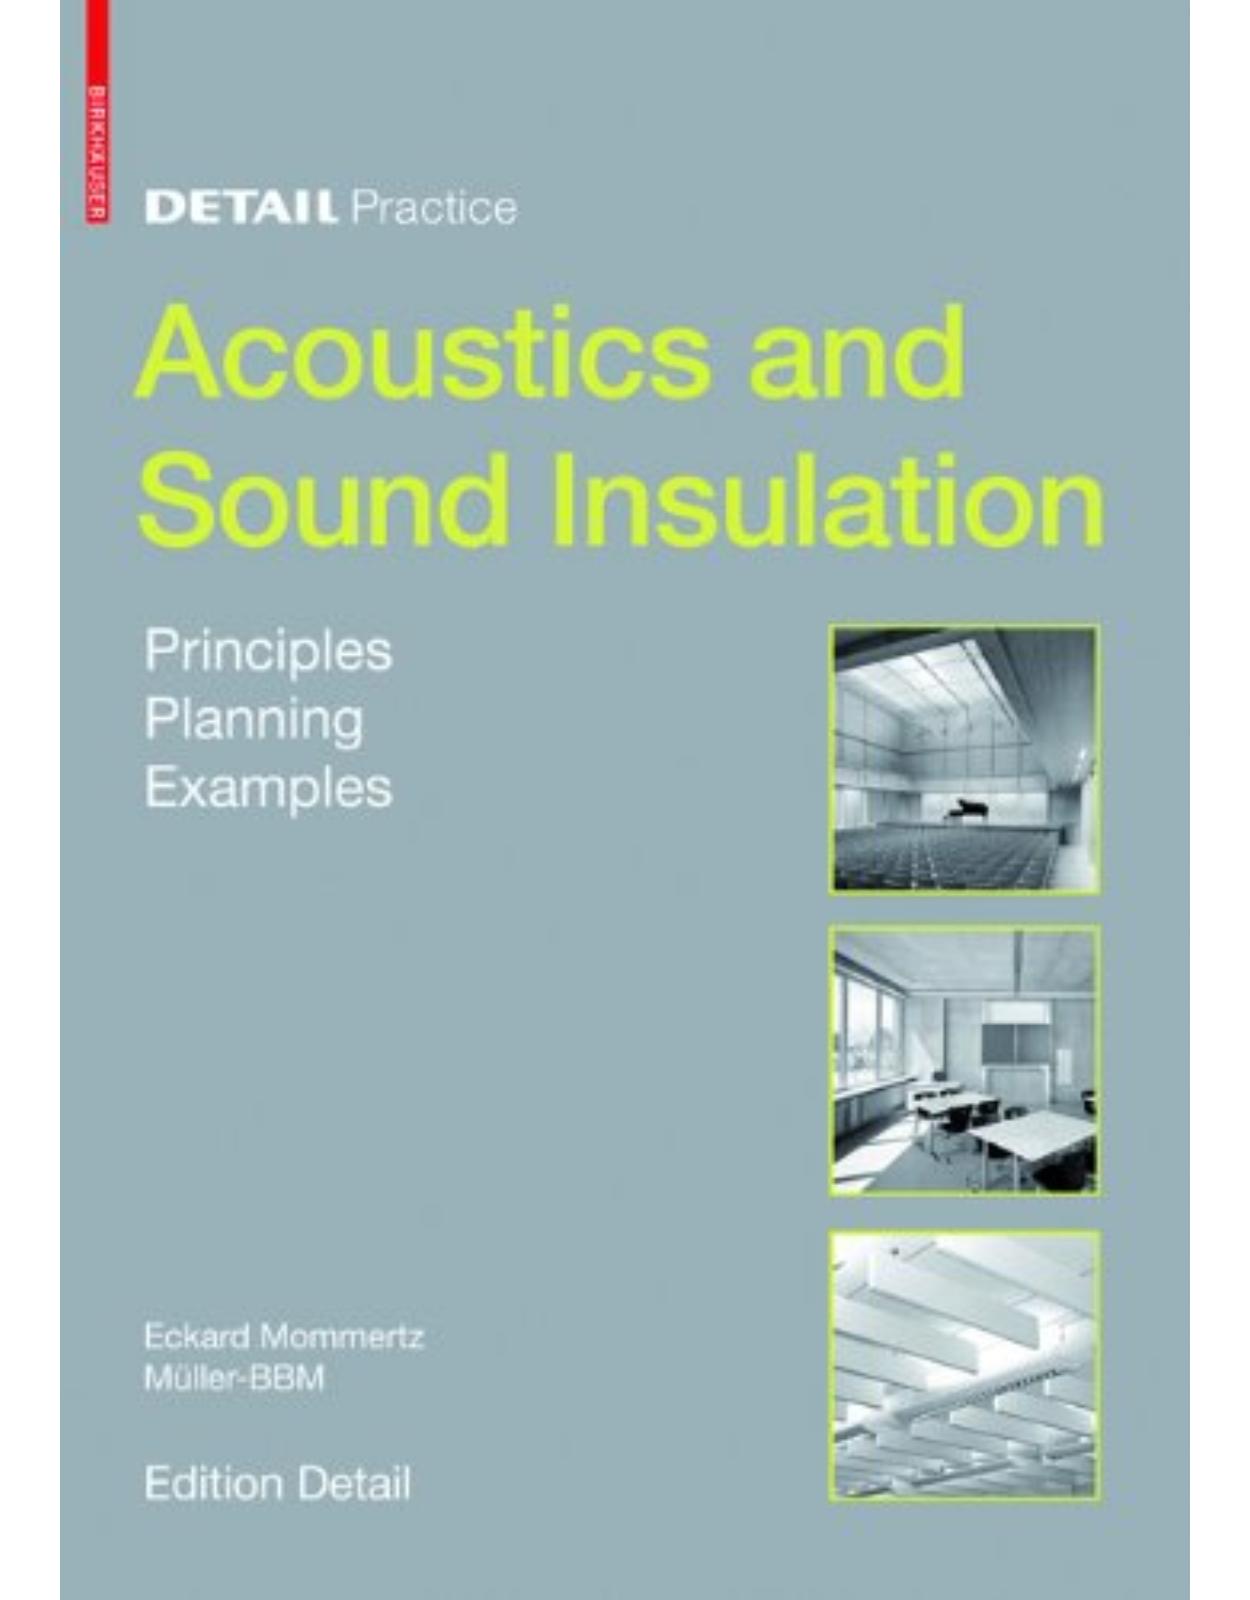 Detail Practice: Acoustics and Sound Insulation: Principles, Planning, Examples
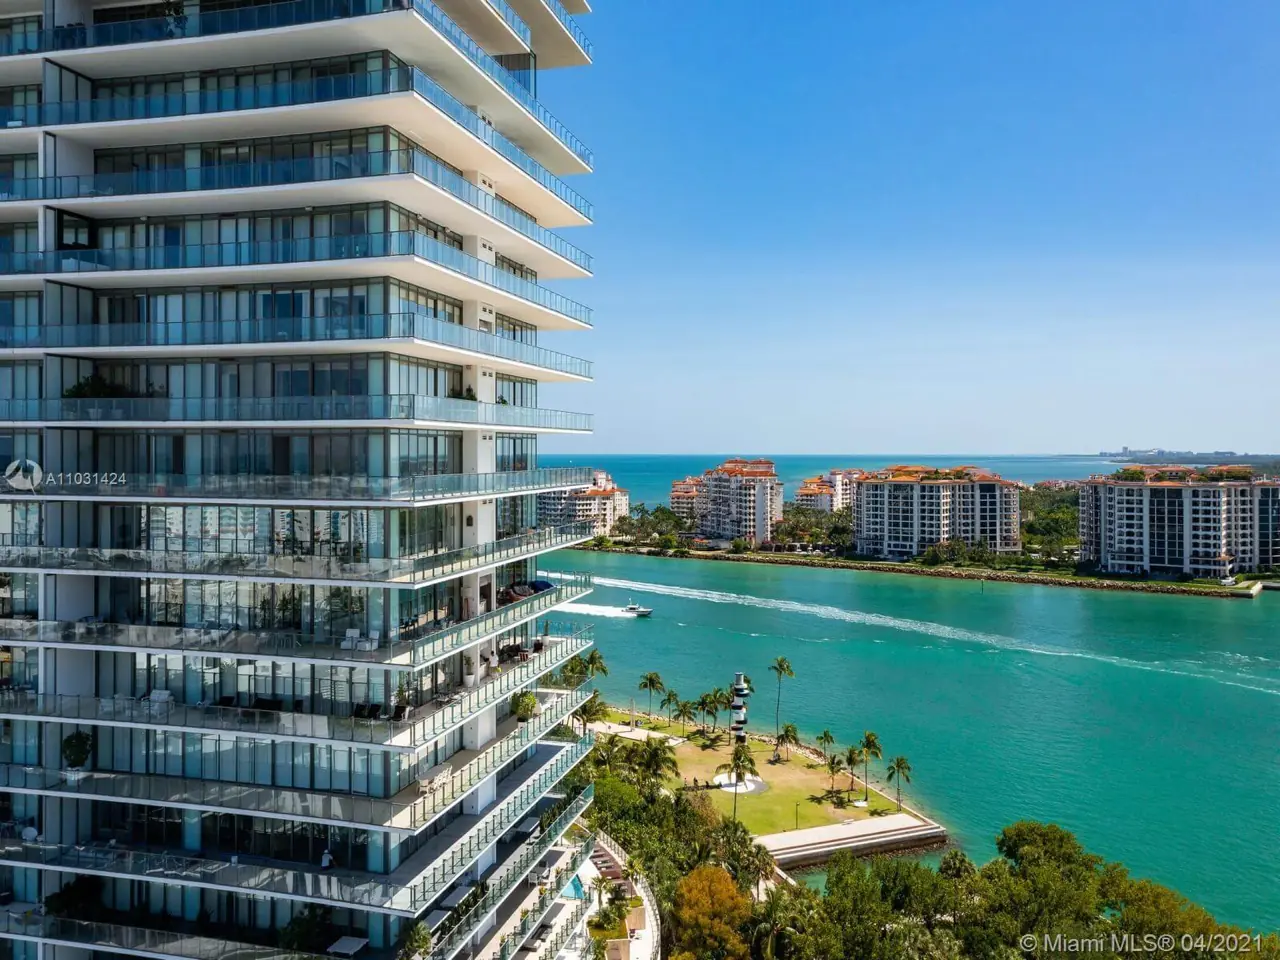 Apogee South Beach - Stunning Views of Atlantic Ocean and Biscayne Bay
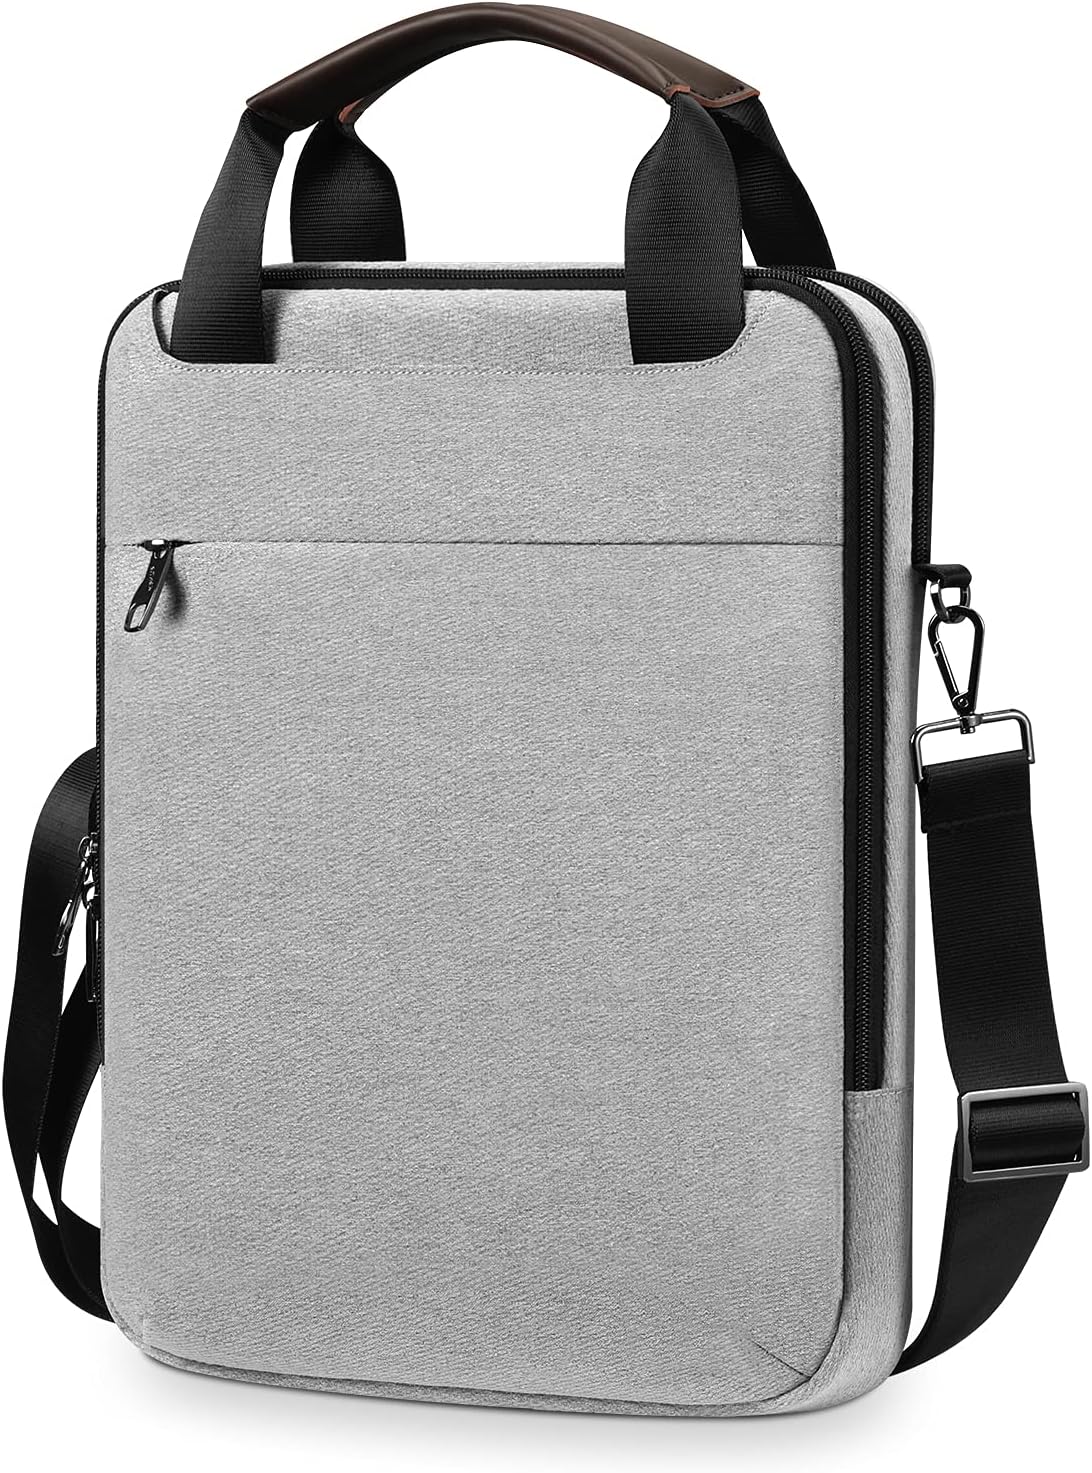 I like this bag. It is light, convenient for daily use. It also has lots of space to put every thing.Ii is highly recommended.

_ _ _ _ _

WHAT TO PRODUCE -
Repeat the listing exactly, minus its pictures.

SOLUTION TO THIS EXERCISE -
 Detail Practice: Acoustics and Sound Insulation: Principles, Planning, Examples
 Apogee South Beach - Stunning Views of Atlantic Ocean and Biscayne Bay
 I like this bag. It is light, convenient for daily use. It also has lots of space to put every thing.Ii is highly recommended.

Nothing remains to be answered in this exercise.